One way to do it would be to merge all these sorted vectors into a sorted vector & simply iterate. Thus,

Question 1: What is the fastest way to merge sorted vectors into a sorted vector?

I'm sure on the other hand there are faster / clever ways to accomplish this without merging & re-sorting the whole thing -- perhaps popping the smallest integer iteratively from this collection of sorted vectors; without merging them first.. so:

Question 2: What is the fasted / best way to pop the least element from a bunch of sorted vector<int>'s?

Based on replies below, and the comments to the question I've implemented an approach where I make a priority queue of iterators for the sorted vectors. I'm not sure if this is performance-efficient, but it seems to be very memory-efficient. I consider the question still open, since I'm not sure we've established the fastest way yet.

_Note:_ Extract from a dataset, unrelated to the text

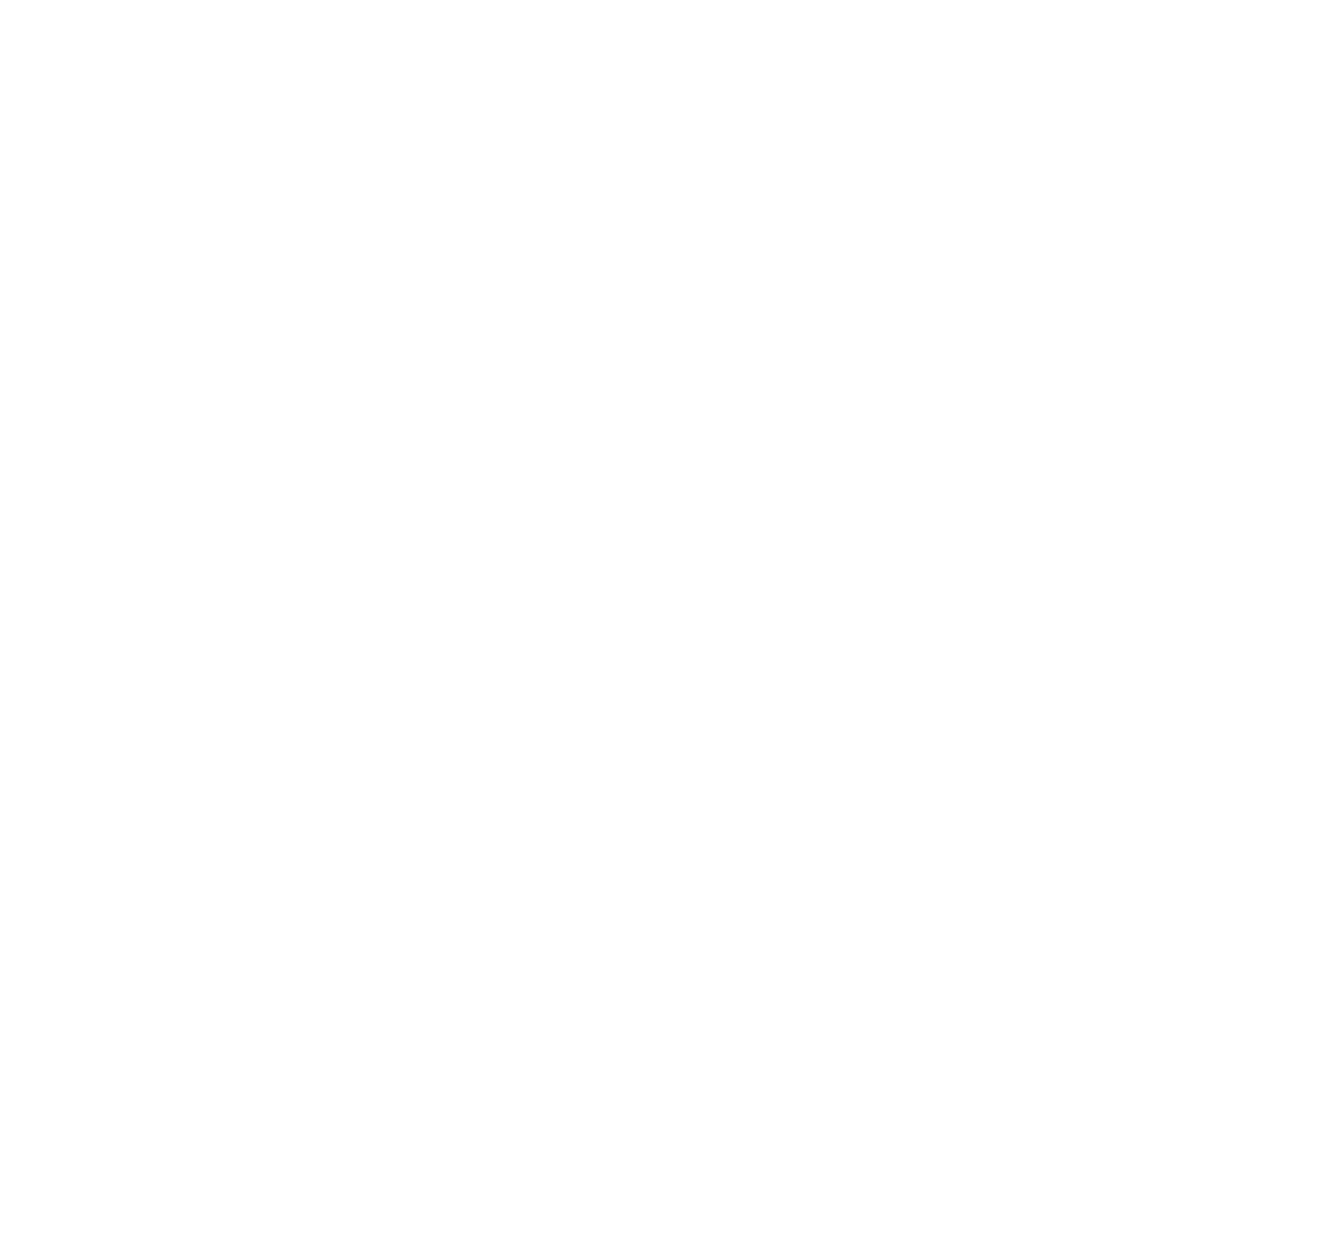 Farmers Butcher Shop

// compare vector pointers by integers pointed
struct cmp_seeds {
    bool operator () (const pair< vector<int>::iterator, vector<int>::iterator> p1, const pair< vector<int>::iterator, vector<int>::iterator> p2) const {
        return *(p1.first) >  *(p2.first);      
    }
};

int pq_heapsort_trial() {

    /* Set up the Sorted Vectors */ 
    int a1[] = { 2, 10, 100};
    int a2[] = { 5, 15, 90, 200};
    int a3[] = { 12 };

    vector<int> v1 (a1, a1 + sizeof(a1) / sizeof(int));
    vector<int> v2 (a2, a2 + sizeof(a2) / sizeof(int));
    vector<int> v3 (a3, a3 + sizeof(a3) / sizeof(int));

    vector< vector <int> * > sorted_vectors;
    sorted_vectors.push_back(&v1);
    sorted_vectors.push_back(&v2);
    sorted_vectors.push_back(&v3);
    /* the above simulates the "for" i have in my own code that gives me sorted vectors */

    pair< vector<int>::iterator, vector<int>::iterator> c_lead;
    cmp_seeds mycompare;

    priority_queue< pair< vector<int>::iterator, vector<int>::iterator>, vector<pair< vector<int>::iterator, vector<int>::iterator> >, cmp_seeds> cluster_feeder(mycompare);


    for (vector<vector <int> *>::iterator k = sorted_vectors.begin(); k != sorted_vectors.end(); ++k) {
        cluster_feeder.push( make_pair( (*k)->begin(), (*k)->end() ));
    }


    while ( cluster_feeder.empty() != true) {
        c_lead = cluster_feeder.top();
        cluster_feeder.pop();
        // sorted output
        cout << *(c_lead.first) << endl;

        c_lead.first++;
        if (c_lead.first != c_lead.second) {
            cluster_feeder.push(c_lead);
        }
    }

    return 0;
}

400

asked Jan 26 '12 03:01

Deniz

1 Answers

One option is to use a std :: priority queue to maintain a heap of iterators, where the iterators bubble up the heap depending on the values they point at.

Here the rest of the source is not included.